* [WORK TASK]: Every entry below should come back unchanged, except that the pictures are dropped.

(Records drawn from a dataset)
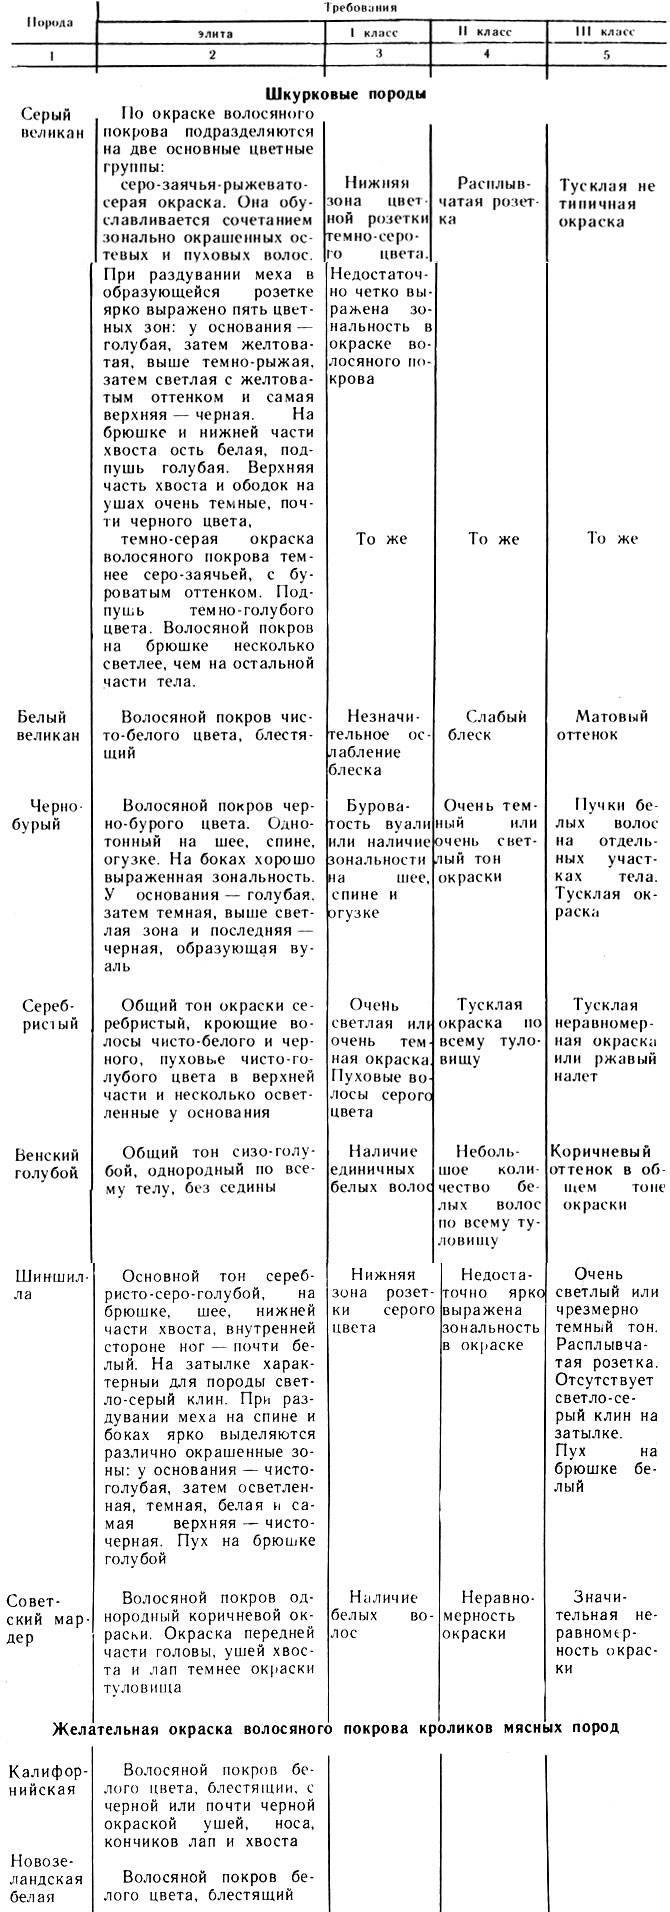 Таблица 6. Оценка кроликов разных пород по окраске волосяного покрова
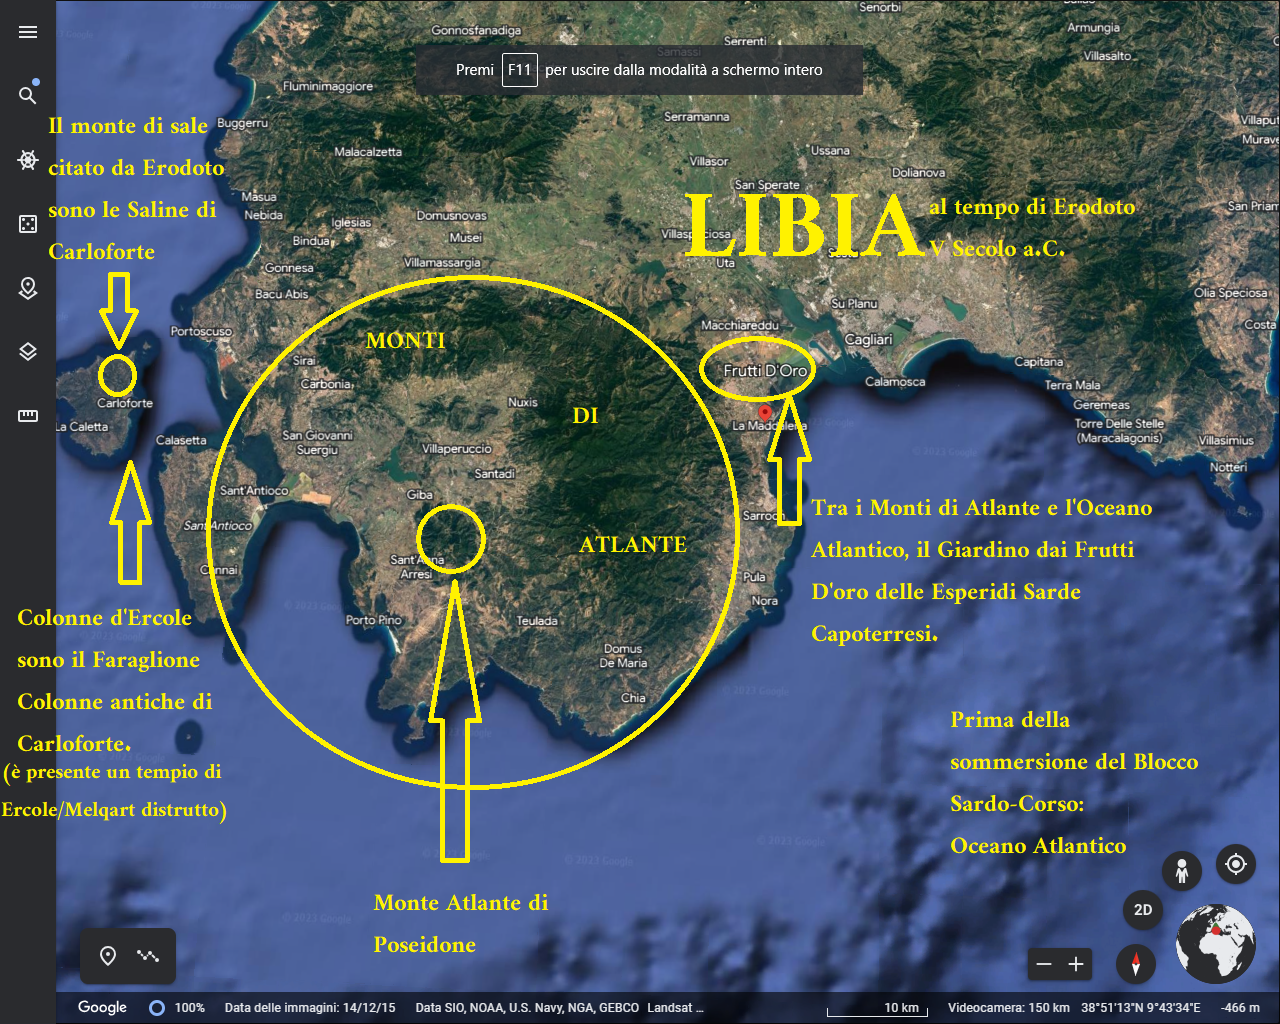 これまでヘロドテアンのリビアの地図作成は間違っていた：リビアはカリアリ州である
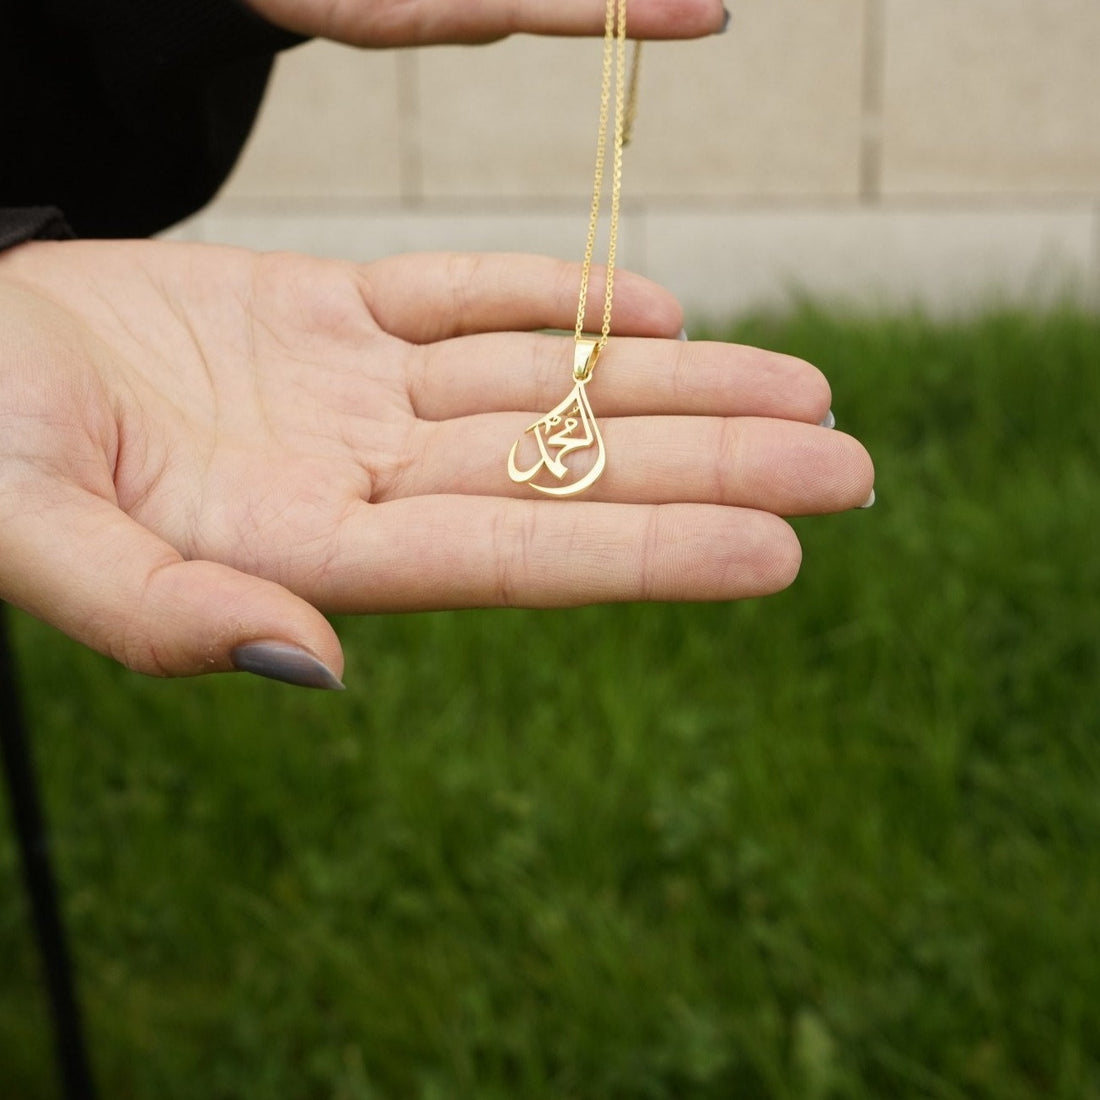 islamic-jewelry-arabic-mohammad-written-islamic-necklace-18k-gold-pendant-on-925-silver-women&
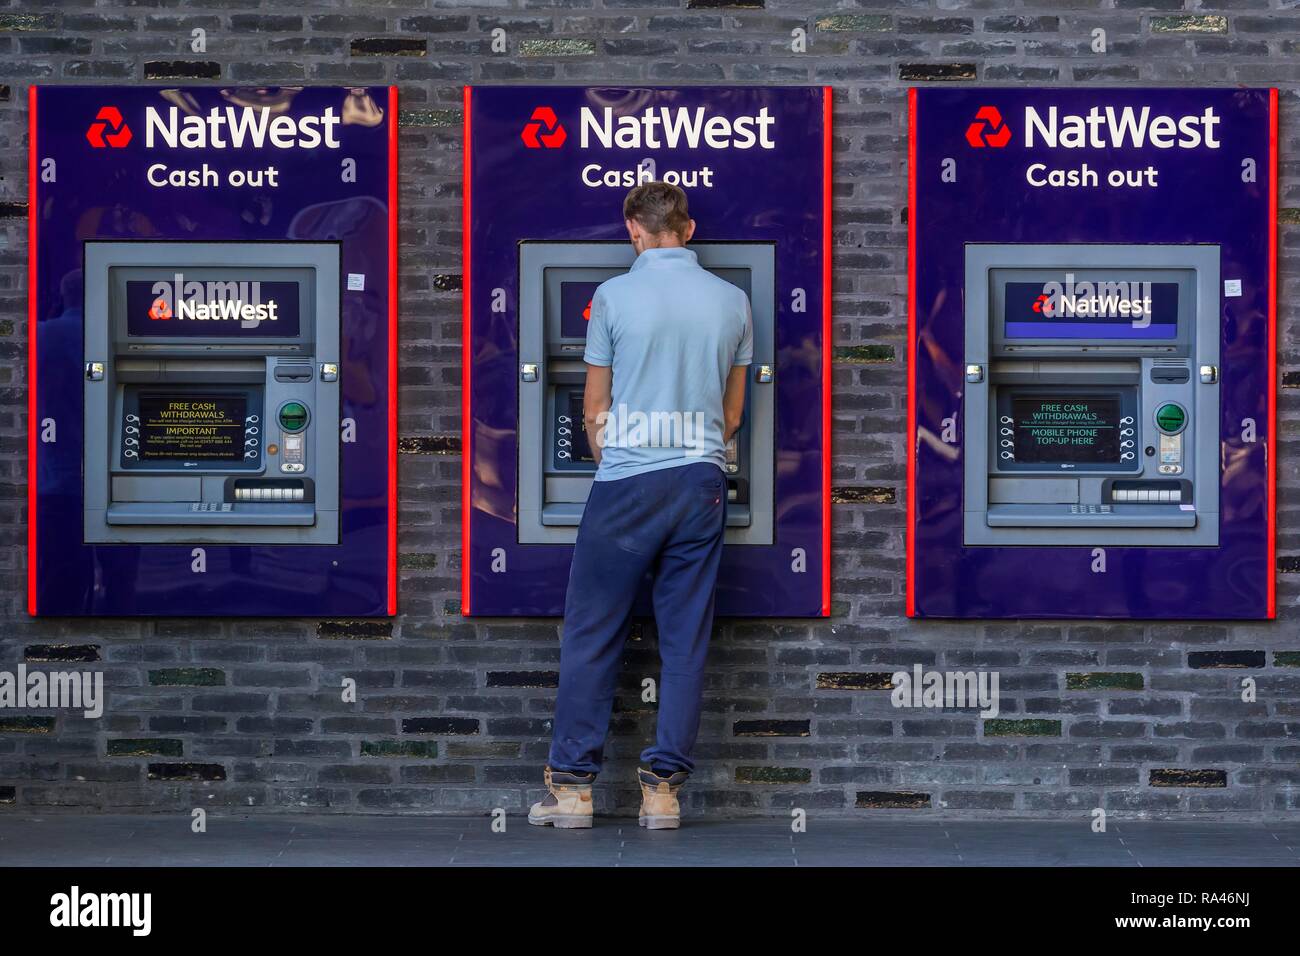 L'homme au distributeur de billets de banque NatWest, Londres, Grande-Bretagne Banque D'Images
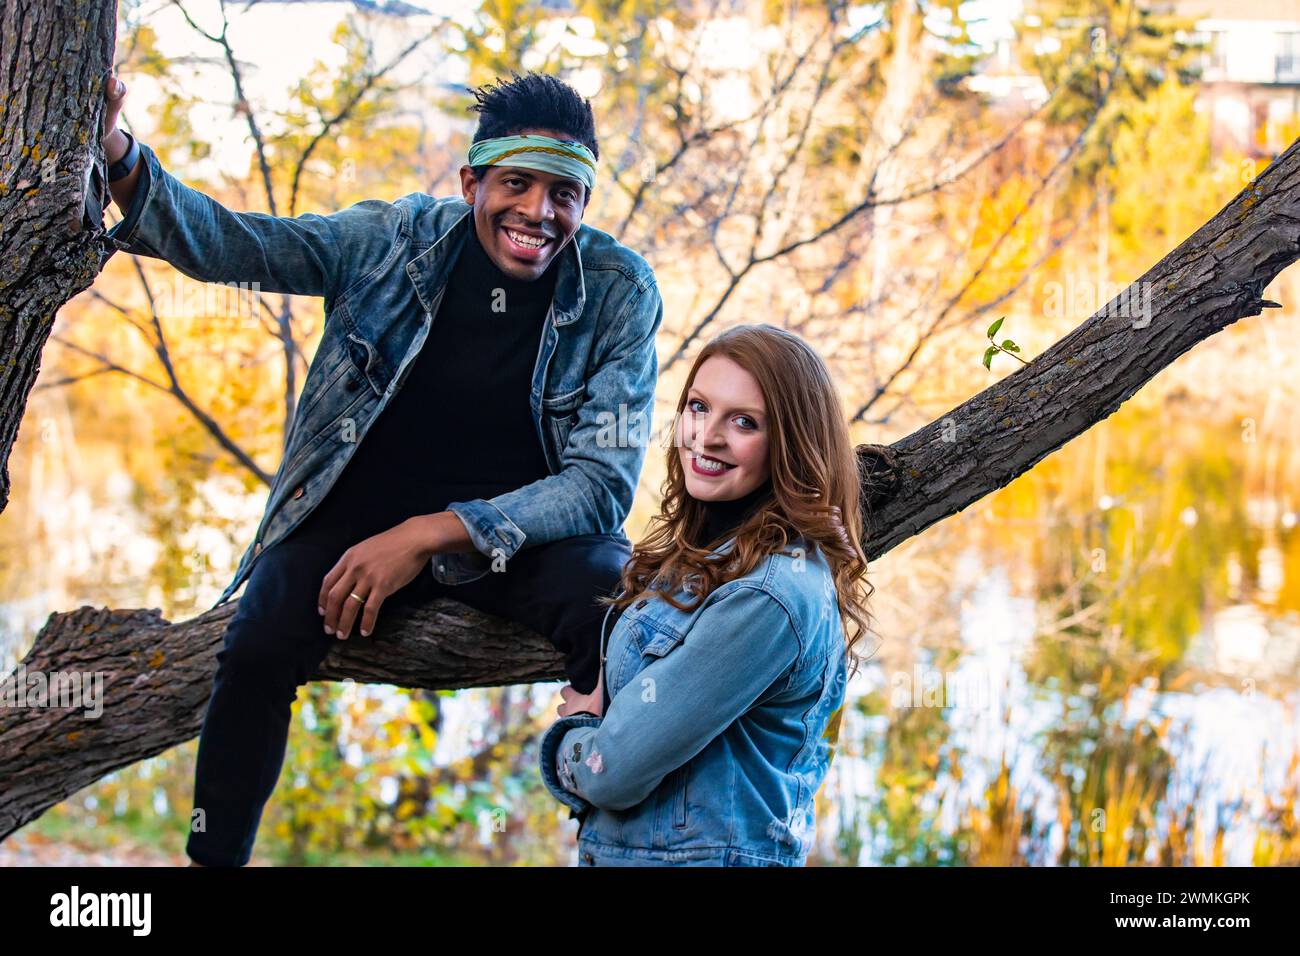 Nahaufnahme eines Paares gemischter Rassen, das auf einem Baumzweig in die Kamera lächelt und während einer Herbstfamilie ... wertvolle Zeit miteinander verbringt Stockfoto
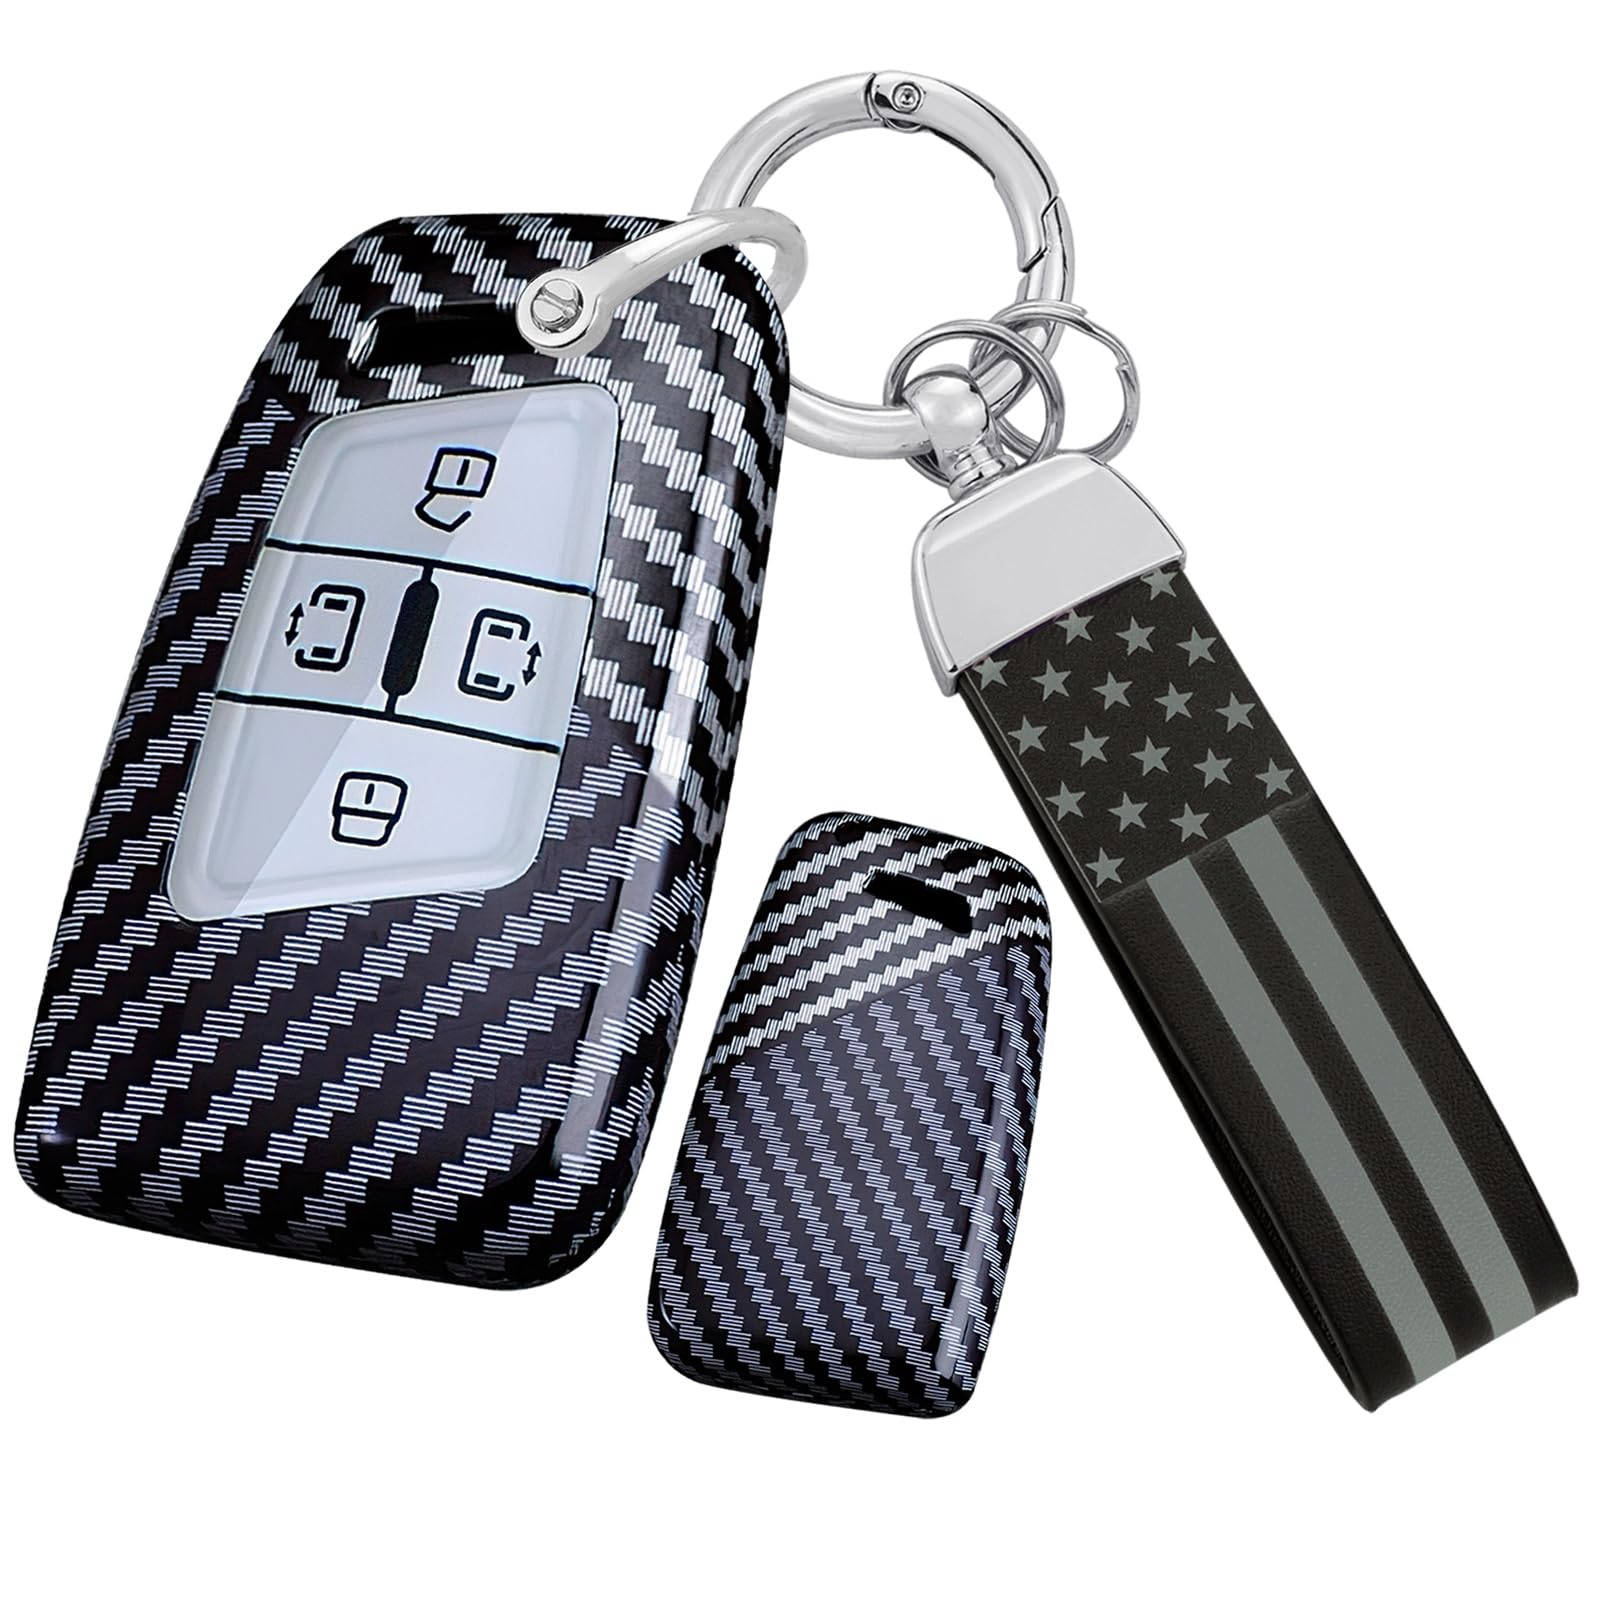 TECART Autoschlüsselgehäuse Schlüsselmäppchen Schlüsseltasche Passt für VW New Viloran 2020 2021 2022 2023 Schlüsselgehäuse PC Fernsteuerung Schlüsselhülle Schlüsselanhänger 4 Tasten B-Schwarz Weiß von TECART

* [SOLVED PROBLEM]:
 Таблица 6. Оценка кроликов разных пород по окраске волосяного покрова
 これまでヘロドテアンのリビアの地図作成は間違っていた：リビアはカリアリ州である
 islamic-jewelry-arabic-mohammad-written-islamic-necklace-18k-gold-pendant-on-925-silver-women&
 L'homme au distributeur de billets de banque NatWest, Londres, Grande-Bretagne Banque D'Images
 Nahaufnahme eines Paares gemischter Rassen, das auf einem Baumzweig in die Kamera lächelt und während einer Herbstfamilie ... wertvolle Zeit miteinander verbringt Stockfoto
 TECART Autoschlüsselgehäuse Schlüsselmäppchen Schlüsseltasche Passt für VW New Viloran 2020 2021 2022 2023 Schlüsselgehäuse PC Fernsteuerung Schlüsselhülle Schlüsselanhänger 4 Tasten B-Schwarz Weiß von TECART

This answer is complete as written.